Да что это я все о Ницше? О прошлом то есть? Увы, дело в том, что Ницше не в прошлом. Что он не только предтеча фашизма, но и кумир вроде бы далекого от фашизма постмодернизма. Далекого ли?
Но, может быть, еще важнее то, что Ницше — кумир нынешнего социал-дарвинизма. То есть того, что было положено в основу «перестройки–1» и будет положено в основу «перестройки–2». Вопрос на засыпку: можно ли соединить Ницше с христианством, которое он отрицает? На первый взгляд, нет. А на самом деле — можно. Если речь идет об особом христианстве. Так вот это христианство (убежден, что никаким христианством на самом деле не являющееся) и нужно нашей прорве. Она же господствующий класс. Классом-то ее, конечно, можно назвать с натяжкой. Но каково общество, таков и класс.
Все мы каждый день видим (по телевидению и не только), что класс сей хочет и крестик нацепить, и поницшеанствовать. То бишь освободить жизнь от всяких там судей.
Его заказ выполняют. Но при выполнении эта самая Жизнь,
Казалось бы, какой Танатос при такой упоенной гедонистичности? Но на самом деле прорва на то и прорва, чтобы быть и гедонистичной, и танатичной одновременно. В этом ее сокровенная суть: «А че, может быть, так-то оно и в самый кайф? Пить будем, гулять будем, смерть придет — помирать будем!» Прорва фундаментально криминальна. Ее наслаждение жизнью носит далеко не пресный характер.
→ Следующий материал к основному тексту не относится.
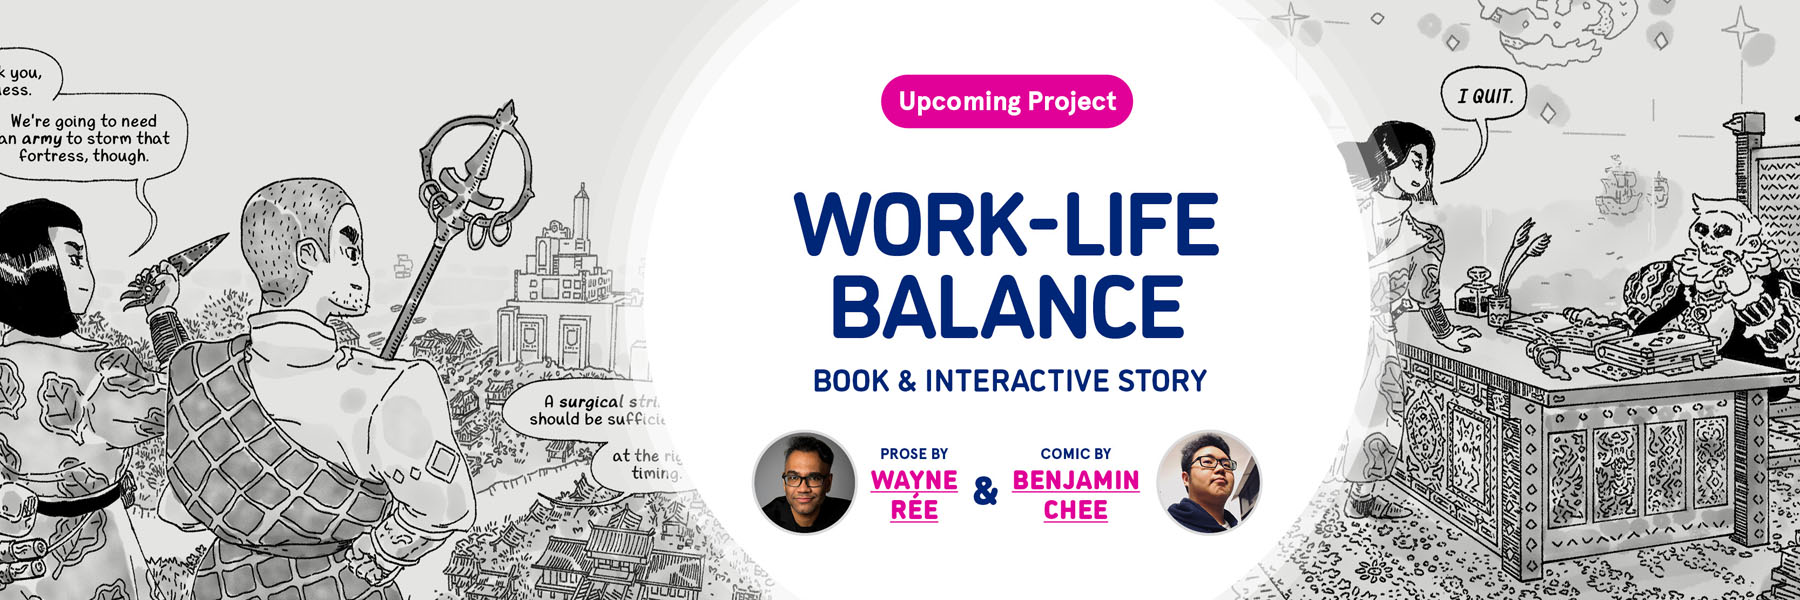 Upcoming Project for Work Life Balance

Что такое и впрямь гульба без поножовщины и стрельбы?
Возможно ли христианство без поклонения Новому? Разве не говорили о себе христиане: «Мы — новые люди»? Разве не христианство создало в итоге особую историческую напряженность и устремленность, без которой нет развития, создало свой хронотоп, свой тип пространства и времени?
И что же теперь? Нужно создать христианство, освобожденное от поклонения новому, и в этом должны помочь греки?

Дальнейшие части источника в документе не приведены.